The mysterious phenomenon of “spooky motion at a distance” that once worried Einstein may soon become as common as the gyroscopes used to measure acceleration in smartphones. A recent study Nature Photonics showed that quantum entanglement significantly improves the accuracy of sensors that can be used for non-GPS navigation.

“By using entanglement, we increase both the precision of the measurement and the speed at which we can make the measurement,” said Zheshen Zhang, associate professor of electrical and computer engineering at the University of Michigan and co-author of the study. The experiments were conducted at the University of Arizona, where Zhang was working at the time.

Optomechanical sensors measure forces that interfere with a mechanical sensing device that acts in response. This motion is then measured using light waves. In this experiment, the sensors were membranes that acted like drum heads that vibrated after being shaken. Optomechanical sensors can act as accelerometers that can be used for inertial navigation on a planet without GPS satellites or as a person moving across different floors within a building.

Quantum entanglement could make opto-mechanical sensors more accurate than inertial sensors currently in use. It could also allow opto-mechanical sensors to look for very subtle forces, such as detecting the presence of dark matter. Dark matter is invisible matter in the universe that is believed to form five times more mass than we can feel with light. It would pull the sensor by the force of gravity.

Here’s how entanglement improves opto-mechanical sensors:

Optical-mechanical sensors are based on two synchronized laser beams. One of them bounces off the sensor, and any movement in the sensor changes the distance the light travels on its way to the detector. This difference in distance traveled becomes apparent when the second wave is superimposed on the first wave. If the sensor is stationary, the two waves coincide perfectly. However, if the sensor moves, they create an interference pattern because the peaks and troughs of their waves offset each other in places. This model shows the size and speed of vibration in the sensor.

Generally, in interferometry systems, the farther the light travels, the more accurate the system. The Laser Interferometer Gravitational-Wave Observatory, the most sensitive interferometry system on the planet, sends light on 8-kilometer journeys. But it will not fit on a smartphone.

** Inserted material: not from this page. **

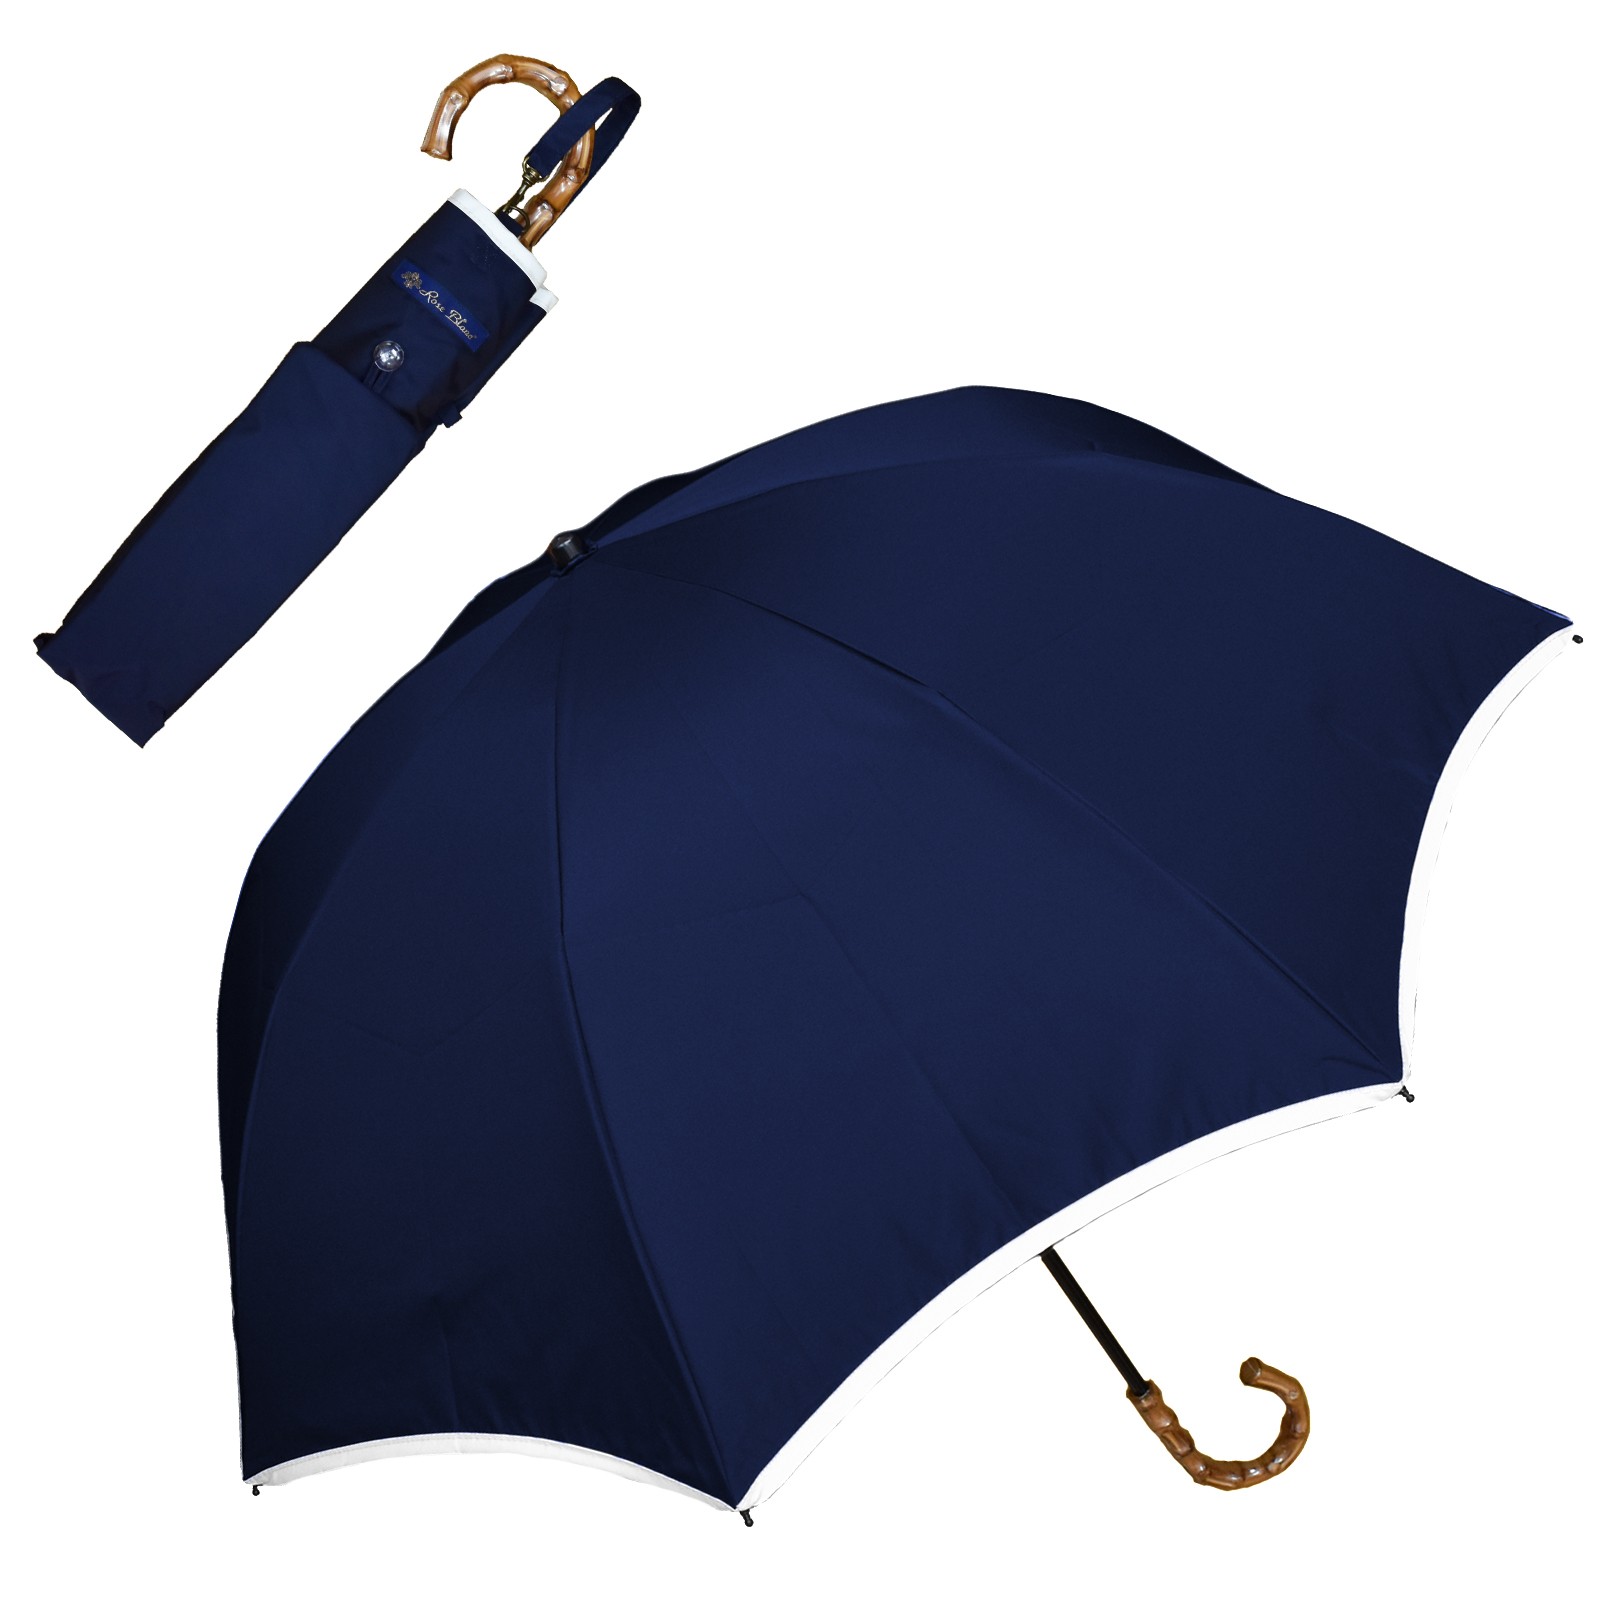 日傘 完全遮光 折りたたみ uv 晴雨兼用 軽量 2段 折りたたみ傘 遮光 100% 遮熱 おしゃれ...

To achieve the high sensitivity of miniature opto-mechanical sensors, Zhang’s team investigated quantum entanglement. Instead of splitting the light once to reflect from one sensor and one mirror, they split each beam a second time so that the light is reflected from two sensors and two mirrors. Dalziel Wilson, a professor of optical sciences at the University of Arizona, created the membrane devices together with doctoral students Aman Agrawal and Christian Pluchar. Just 100 nanometers or 0.0001 millimeters thick, these membranes move in response to very small forces.

Doubling the sensors improves accuracy because the dice have to vibrate in sync with each other, but entanglement adds an extra layer of coordination. Zhang’s group created the entanglement by “squeezing” the laser light. In quantum mechanical objects, such as the photons that make up light, there is a fundamental limit to which a particle’s position and momentum can be known exactly. Since photons are also waves, this means the phase (where it oscillates) and amplitude (how much energy it carries) of the wave.